With a camera attached to a raspberry pi, an image is taken of the board state at the beginning of the game to determine that all pieces are in their designated spots. The exact pieces are not recognized but isntead, whether a piece occupies a square within the board is all the information that is required. The only assumption is that the user begins the game with all pieces in their right positon. With that in mind, whenever a piece is moved from one location to another, one square will be detected as not occupied and another square as occupied. This only works for moves that do not involve attacking and for that we have a solution! By identifying if the piece occupying the square is a white or black piece (blue and red in our case because it was easier to detect with way less errors), we are able to determine all types of moves that occur on the board and also validate the moves using an open source chess library.

The process is as follows:

  • User sets up the board with the correct pieces in place.
  • User makes a move, lets say B2 to B3.
  • User presses a button to tell the system that they have completed their move.
  • An image of the game board is taken.
  • Our beautiful neural network crops the image into a perfect square so that each square on the board is identifiable by pixel location.
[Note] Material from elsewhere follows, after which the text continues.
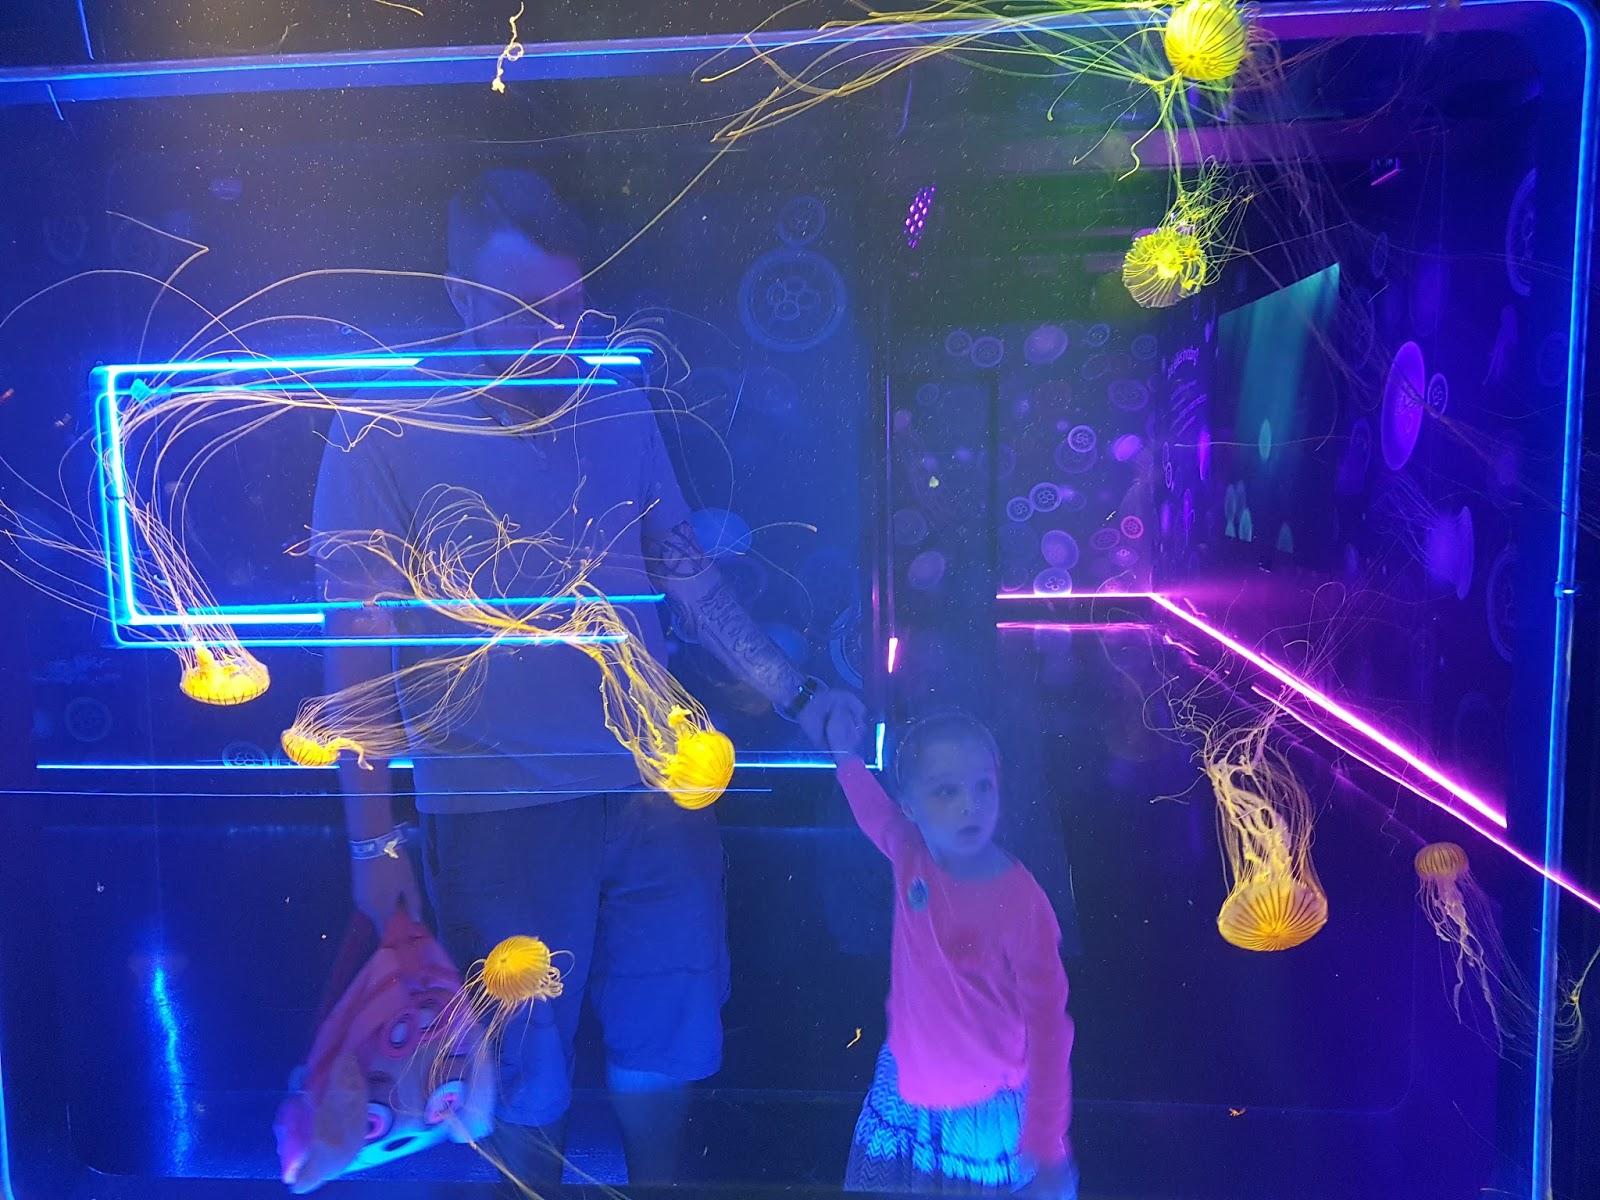 jellyfish wall at london aquarium ocean invaders jellyfish exhibition

For example, square B2 would have the pixel range for x:(500:1000) and for y:(0:500) since its in the second column first row.
  • Using pixel counting and a calibrated pixel threshold value, we can determine if a piece is present within that square and the color of that piece.
  • Using a differences table, the exact move can be determined and passed on to the game logic system to determine the validity of the move.
  • If the move is invalid, the system mentions this to the user.
  • If the move was valid, the game logic will determine a move for the user and send the exact gcode coordinates to move the piece.

What about everything else?

This entire code was running on an AWS EC2 server and interacting with an AWS S3 database to retrieve images taken from the board. The neural network image crop required a lot of processing power that was simply too slow to have running on the Raspberry Pi. The Pi, connected to a camera, interacts with the user and captures the image when required. It then processes the image and uploads it to the database where the server is alerted. This is where this code comes to play and does all the processing. The gcode is processed and sent to the raspberry pi which sends it to an Arduino. This is where the communication with the robot arm takes place.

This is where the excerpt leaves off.